El habitante seguía con el mismo rostro impávido de siempre.
— ¿Cómo es posible? —le preguntó Bob—. ¡Parece perfectamente normal!
—Voy a mostrarle algo, terrícola.
El extraño hizo un movimiento parecido a un giro.
— ¿Qué tiene de raro? —dijo Bob—. Usted acaba de dar un giro de trescientos sesenta grados.
—Se equivoca. Ésta es mi espalda. ¿Ve? —Volvió a girar—. Y este es mi frente.
Bob reconoció que aquel ser era exactamente igual se lo mirara desde donde se lo mirase. "Tiene dos dimensiones",
concluyó Bob.
—Usted tiene un lado oscuro, nosotros no.
—Pero... ¿Qué tiene de malo eso? Somos diferentes, eso es todo.
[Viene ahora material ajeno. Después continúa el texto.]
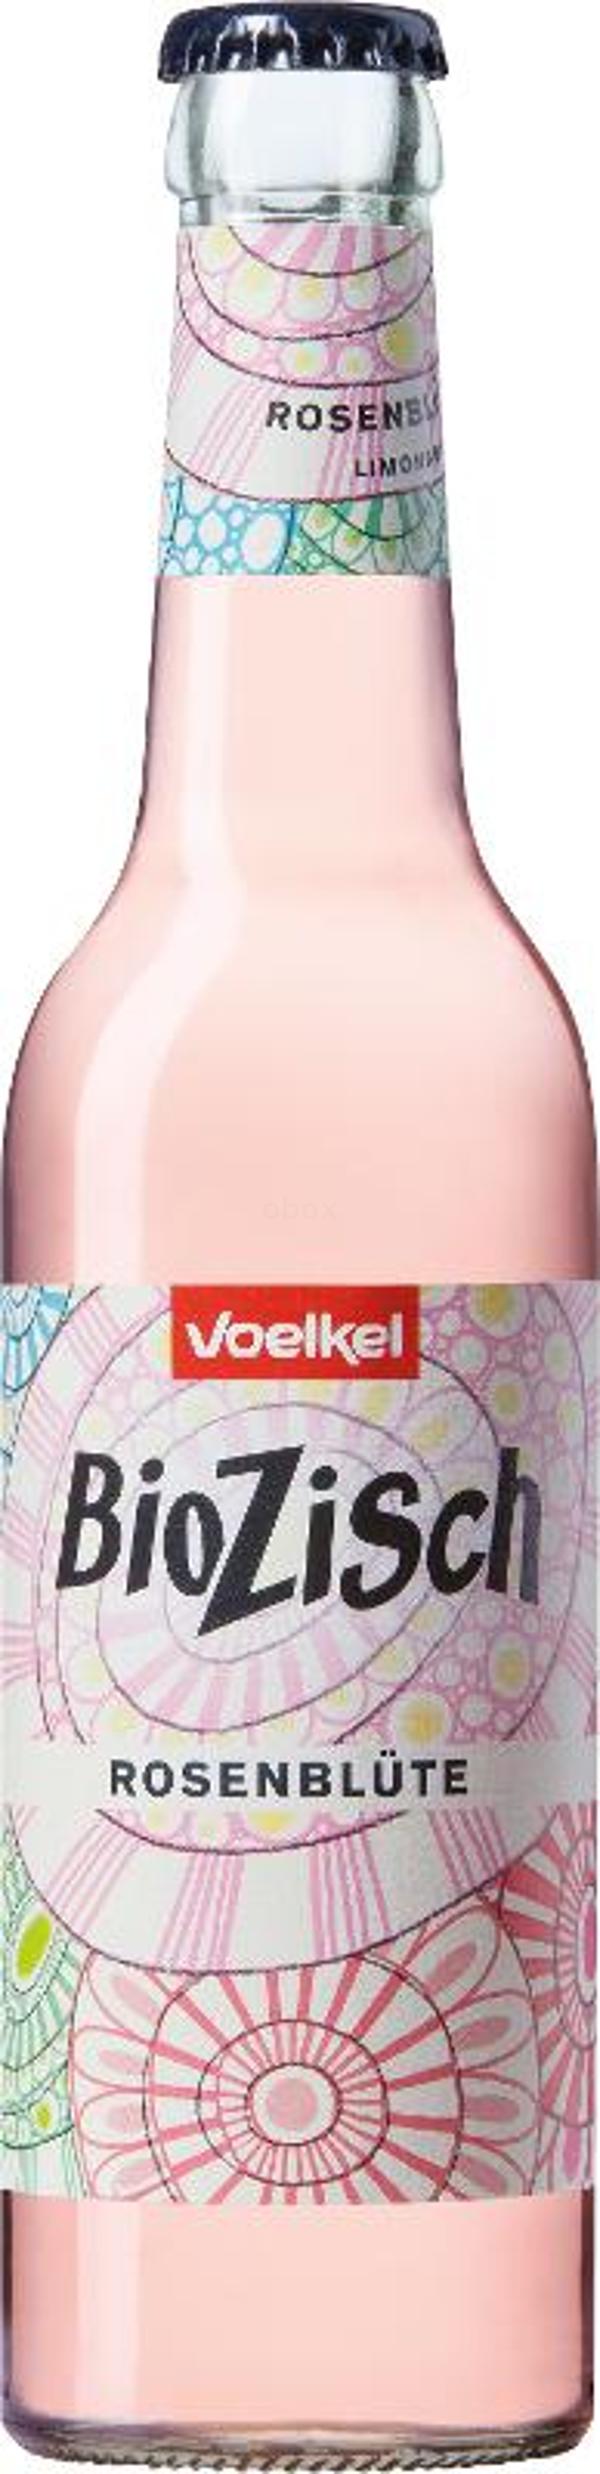 Produktfoto zu BioZisch Rosenblüte - 0,33l

—No es tan simple, terrícola. Ustedes tienen dobles vidas, mienten, son misteriosos e impredecibles. Además hacen preguntas por cualquier
tontería. Esto aquí no está bien visto. En este sitio todo es claro, todo es transparente. Sabemos todo acerca todos, desde que nacen hasta que
mueren. Nuestra vida es... literal. Tan simple como eso.
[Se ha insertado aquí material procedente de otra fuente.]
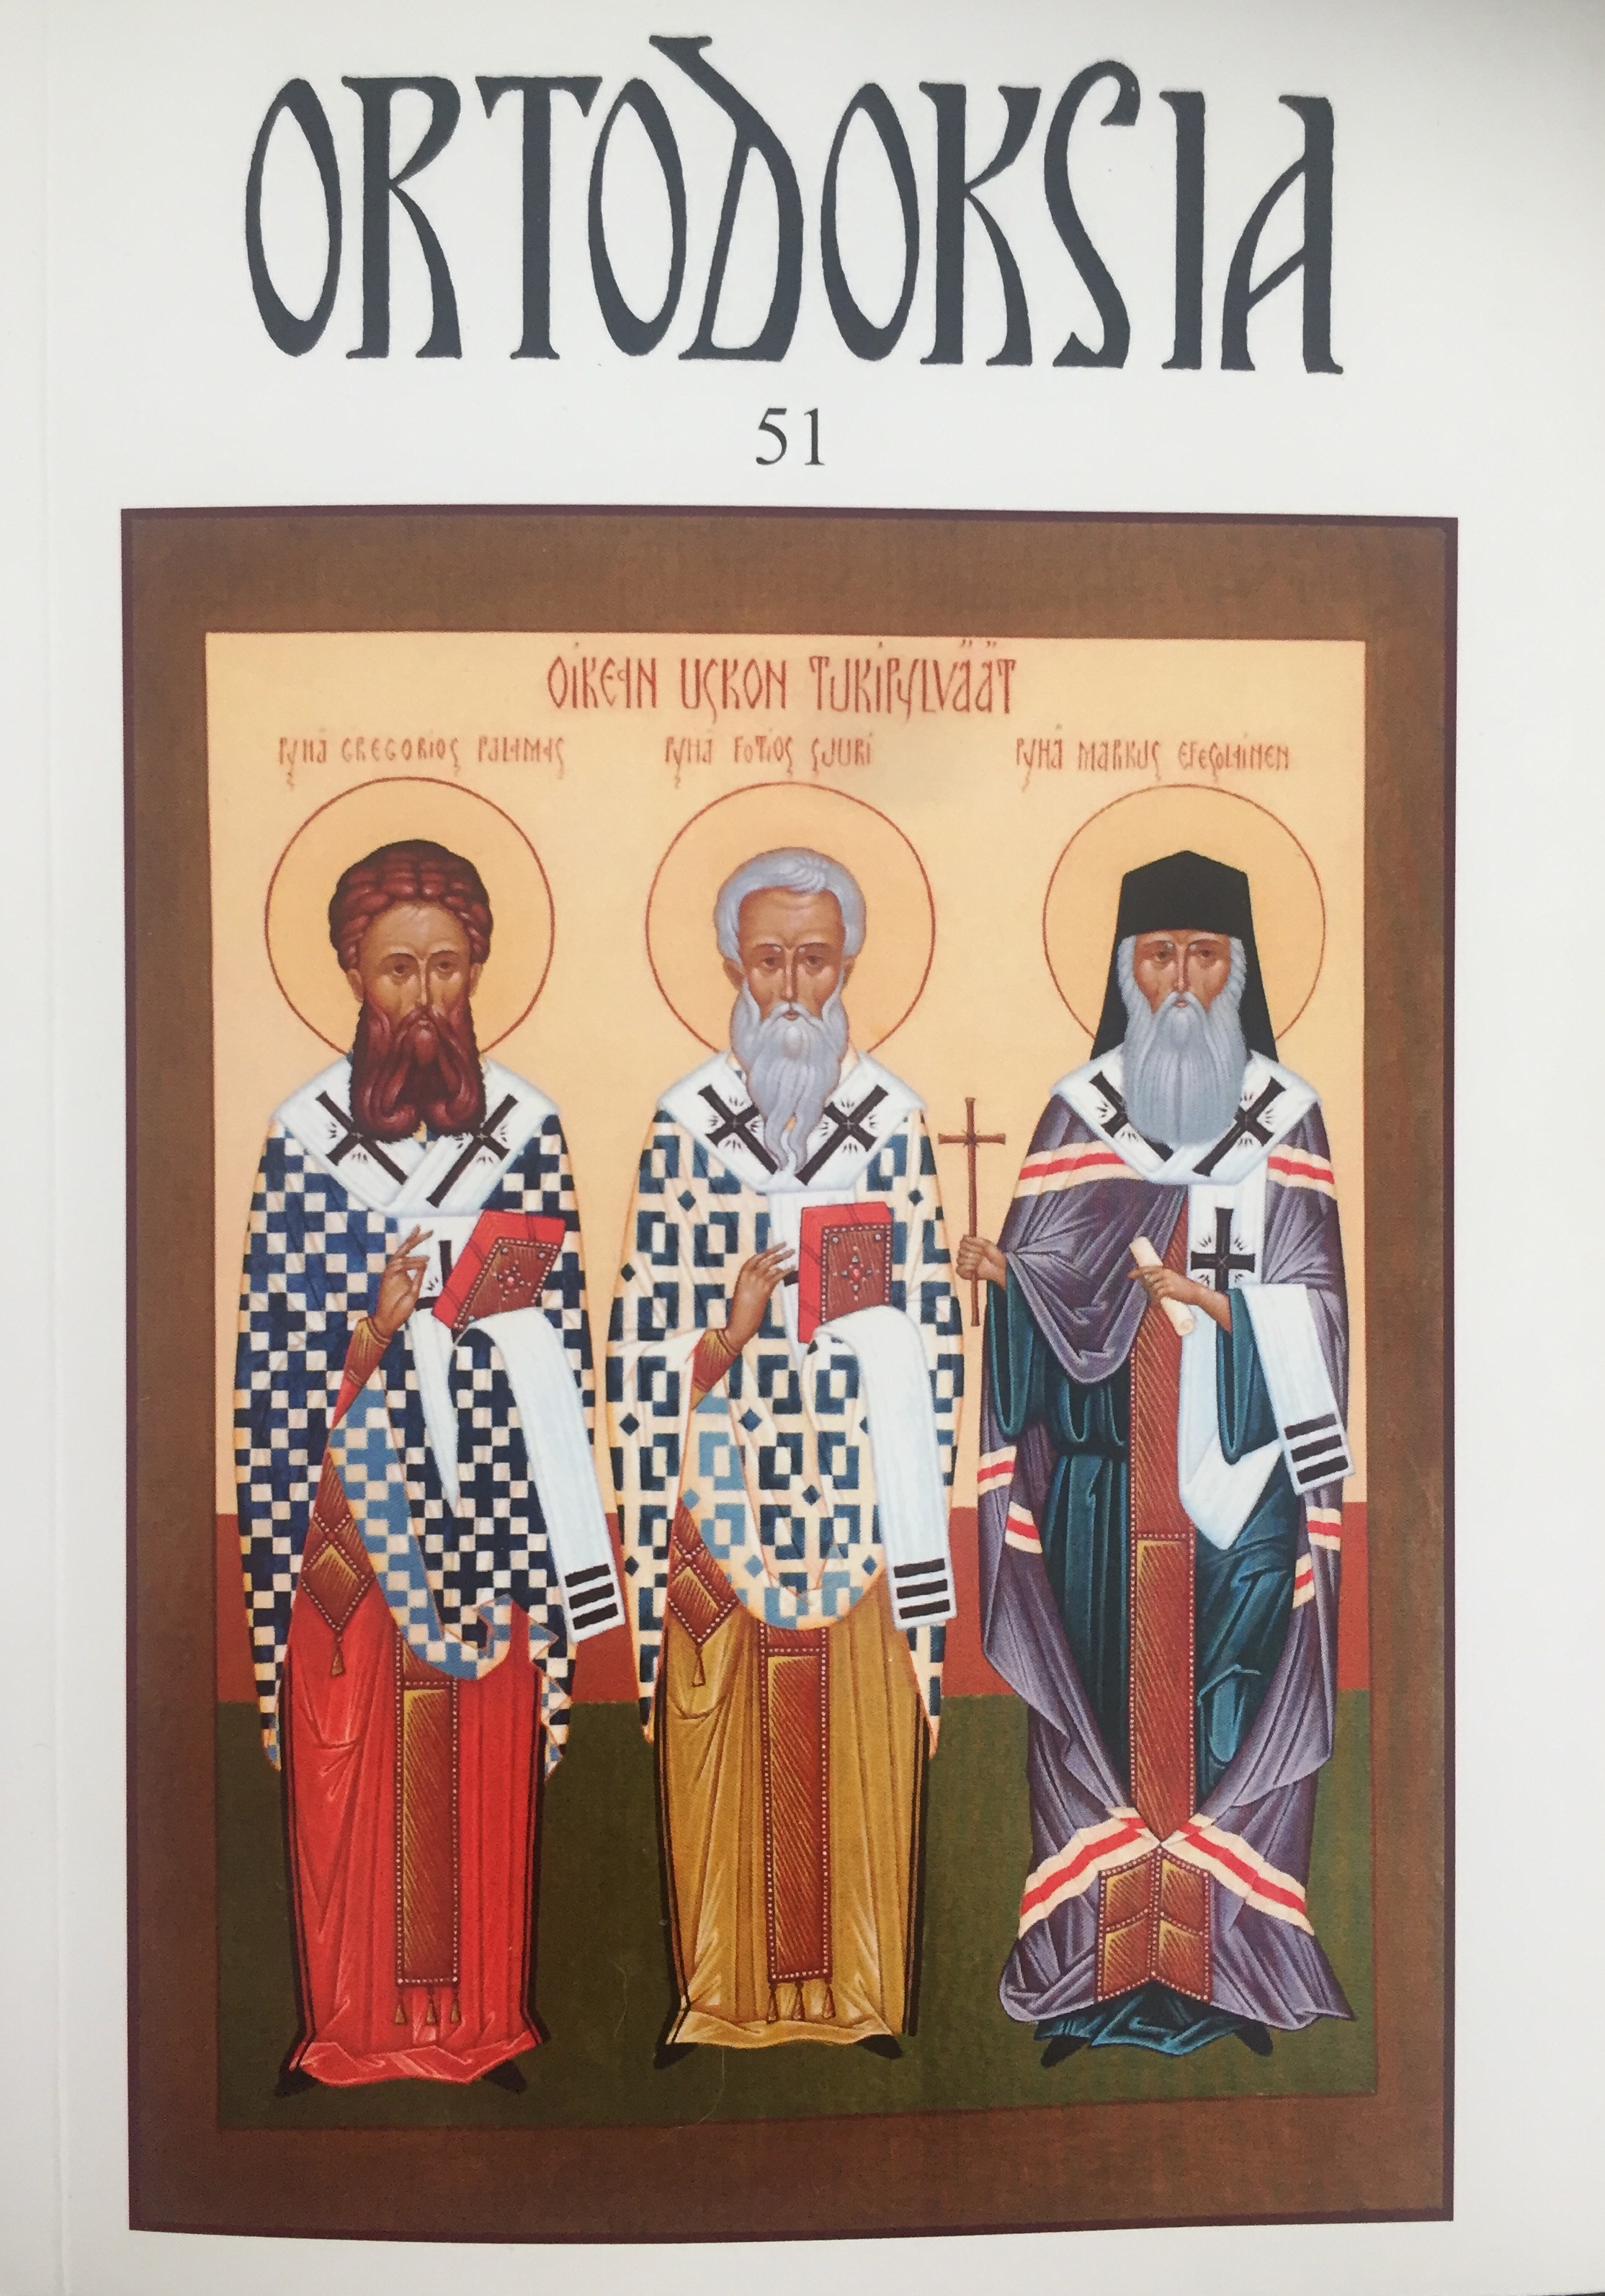 					Näytä Vol 51 (2010): Ortodoksia 51

Por la avenida se acercaba un ómnibus y el ser estiró el brazo.
— ¿Se va? —preguntó Bob.
—Obvio.
El ser subió al ómnibus. A Bob se le dibujó una mueca de desprecio mientras acompañaba con la vista el alejamiento
del vehículo. Dio un último vistazo a su alrededor: miró las casas, los coches, las calles, los semáforos...
Después volvió por donde había venido. En el camino sintió un poco de náuseas. Recordó los gases no reconocidos y
consideró que tal vez fueran la causa.
Subió a la nave y clausuró la escotilla disponiéndose a partir.
—Bob reportándose a Base. ¿Me escucha Base?
—Te escucho claro, Bob. ¿Alguna novedad?
—Ninguna Frank, ninguna. Voy de regreso a la Base.
—Entendido, Bob.
—Frank, necesito un nuevo medidor atmosférico; el que tengo se ha roto.
—No hay problema.
Bob despegó, dejando atrás al planetoide, que se parecía una aceituna chata, suspendida en la inmensidad del espacio.
Decidió llamarlo Obvio y, según lo que él opinaba, ahí no había vida.